Впрочем, дело здесь, возможно, не в Париже или Козельске, но в том устроении Серёжи, когда он тяжело переживал разлуку с семьёй и боялся упустить детей. Ира в его отсутствие едва справлялась с ними, и только после возвращения мужа в доме снова водворялся тот порядок, когда утром и вечером все становились на молитву, по субботам готовились к исповеди, а в воскресенье причащались всей семьёй. Наконец, Серёжа был убеждён, что православие и невежество несовместимы, и много занимался с детьми. Уже в дошкольном возрасте Серёжины дети бойко говорили по-английски и в подражание папе любили математику.

Однако отечественная наука бедствовала, и нужда заставляла Сергея уезжать на заработки в Европу. А только жить друг без друга Серёжа с Ирой не могли. Ну, с Серёжей всё понятно — он влюбился в свою Ирочку с первого взгляда, а вот с Ириной было сложнее. Сейчас в это трудно поверить, но наша кроткая домашняя Ириша ещё в школе убегала из дома, бродяжничая вместе с «хиппи», а во время учёбы в художественном училище пропадала в тех компаниях, где курили «травку» и хлестали водку. Мама Иры была в отчаянии. А батюшка дал Серёже послушание — познакомиться с Ириной и образумить её, желательно женившись на ней. Слова о женитьбе были сказаны, возможно, в шутку, но ведь случается, знаю, и такое, когда опытному духовнику бывает открыто, что эти двое созданы Господом друг для друга и не смогут порознь жить на земле. Во всяком случае, семейное предание гласит — Серёжа явился знакомиться с Ириной в больницу, где она лежала тогда с пневмонией, и, влюбившись до беспамятства, сделал предложение руки и сердца в такой элегантной форме:

— Простите, но за послушание батюшке я должен жениться на вас.

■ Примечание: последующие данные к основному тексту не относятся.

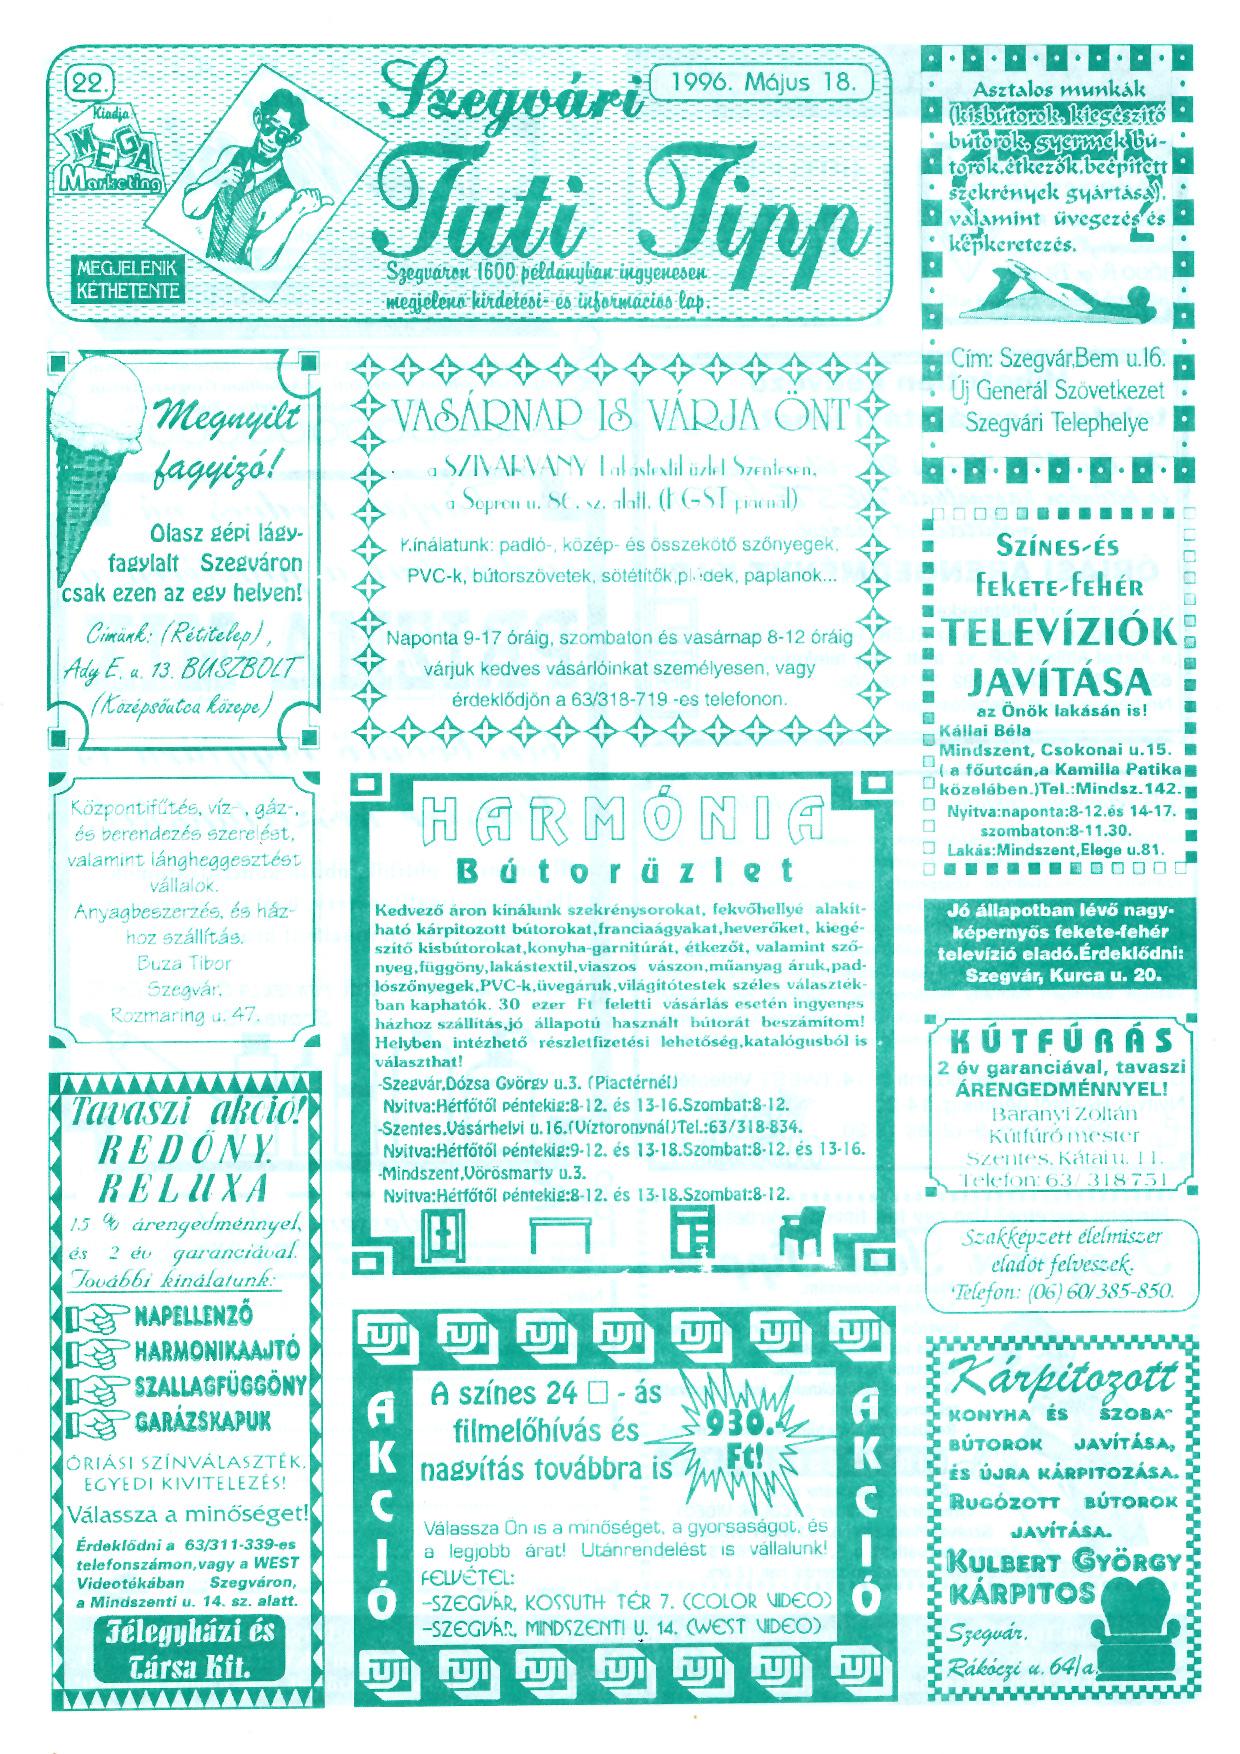 021 Szegvári Tuti Tipp reklámújság - 19960518-022. lapszám - 1.oldal - II. évfolyam.jpg

Ириша тут же ловко запустила в жениха больничными тапками. В общем, год она швыряла в Серёжу различными предметами и даже после свадьбы, бывало, фыркала:

— Серёжа хороший, но такой положи-и-тельный. Ну, какая из меня жена?

Жена из Ириши была сначала никакая — каша у неё подгорала, а молоко убегало. Строгие деревенские старухи осуждали Иру за подгоревшие кастрюли, а, главное, за то непутёвое поведение, когда она могла танцевать со своими детьми под тёплым июльским ливнем, наслаждаясь этим праздником лета. Старухи даже предсказывали — бросит Серёга непутёвую Ирку. Но Сергей любил свою весёлую жену и никогда не променял бы её на ту рачительную хозяйку, что с утра до ночи драит свой дом, как матрос палубу, и душит почему-то смертельной скукой этот стерильный самодостаточный быт. Словом, вопреки предсказаниям старух, а также психологов, утверждающих, что любовь в браке с годами проходит, перерастая в дружбу или в злобу, у математика и художницы всё было иначе. Их привязанность друг к другу росла, и однажды наша Ирина без памяти влюбилась в собственного мужа.

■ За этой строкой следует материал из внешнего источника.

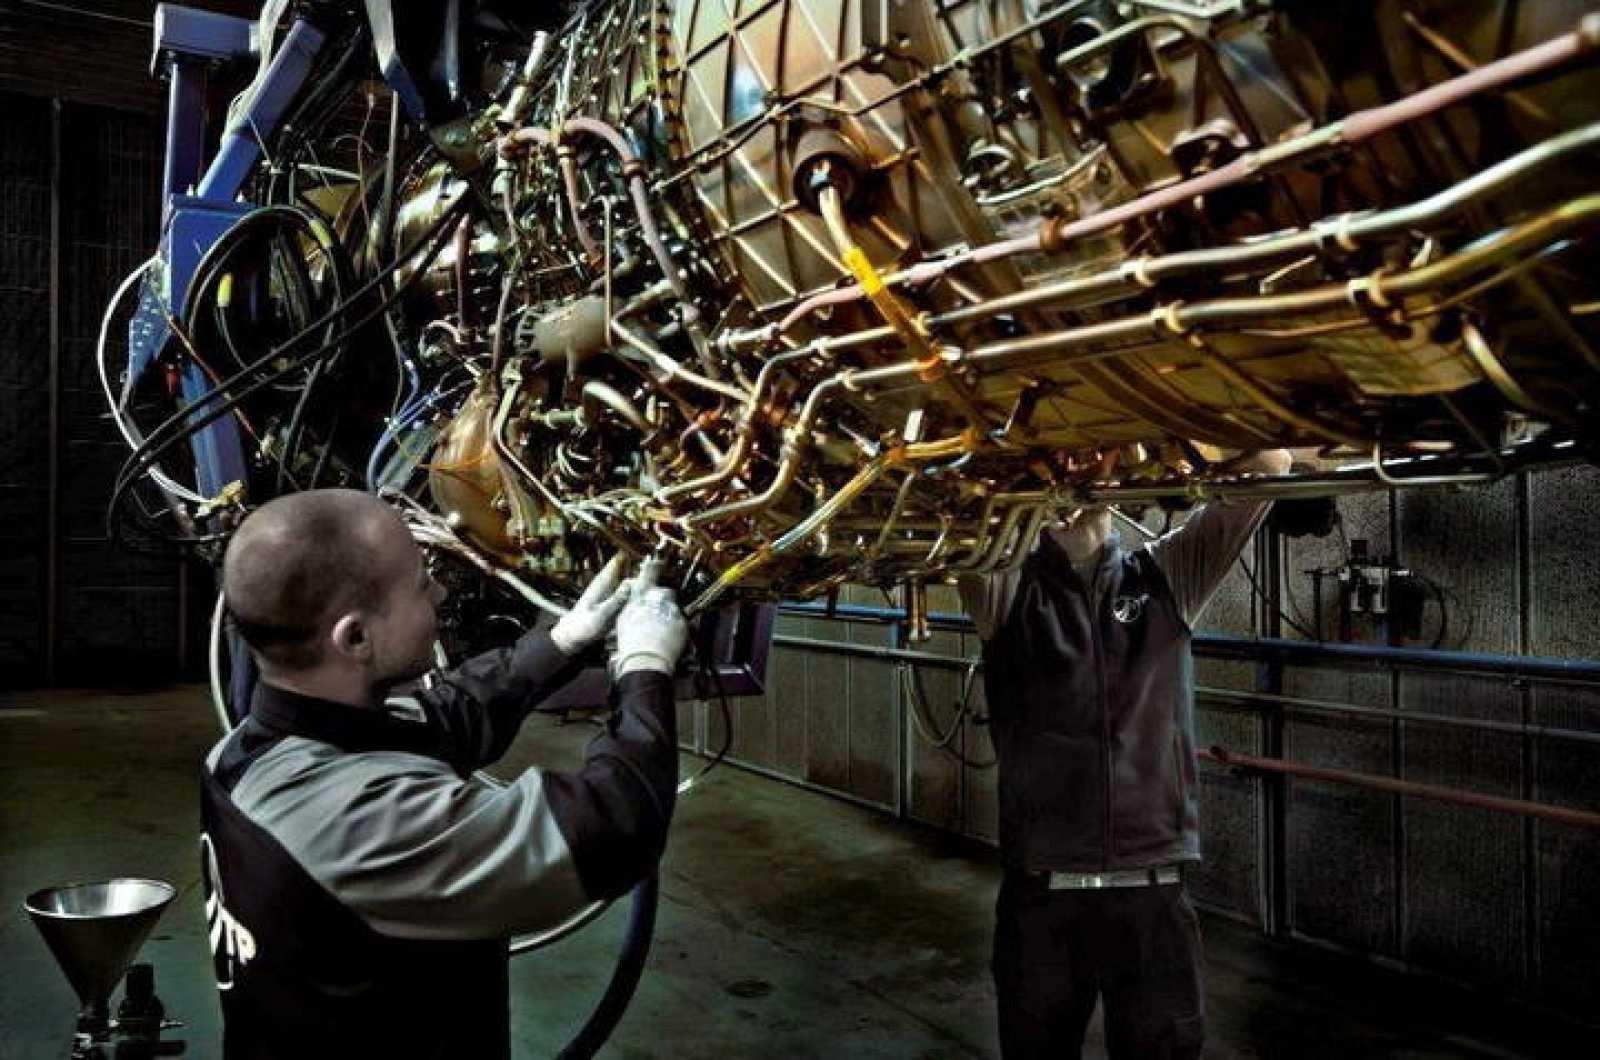 Trabajadores en un banco de pruebas de propulsores

Когда Серёжа уезжал за границу читать свои лекции по математике, Ириша, казалось, обмирала от боли, отсчитывая даже не дни, а часы до его возвращения. Однажды Серёжа не приехал вовремя из-за какой-то аварии на железной дороге. Сутки не было никаких известий. И на Ирину в это время было страшно смотреть — она слегла и шептала каким-то осипшим, не своим голосом:

— Я умру без Серёжи. Грех так думать, но я умру без него. Как же я понимаю теперь Танечку, и какая же это нестерпимая боль!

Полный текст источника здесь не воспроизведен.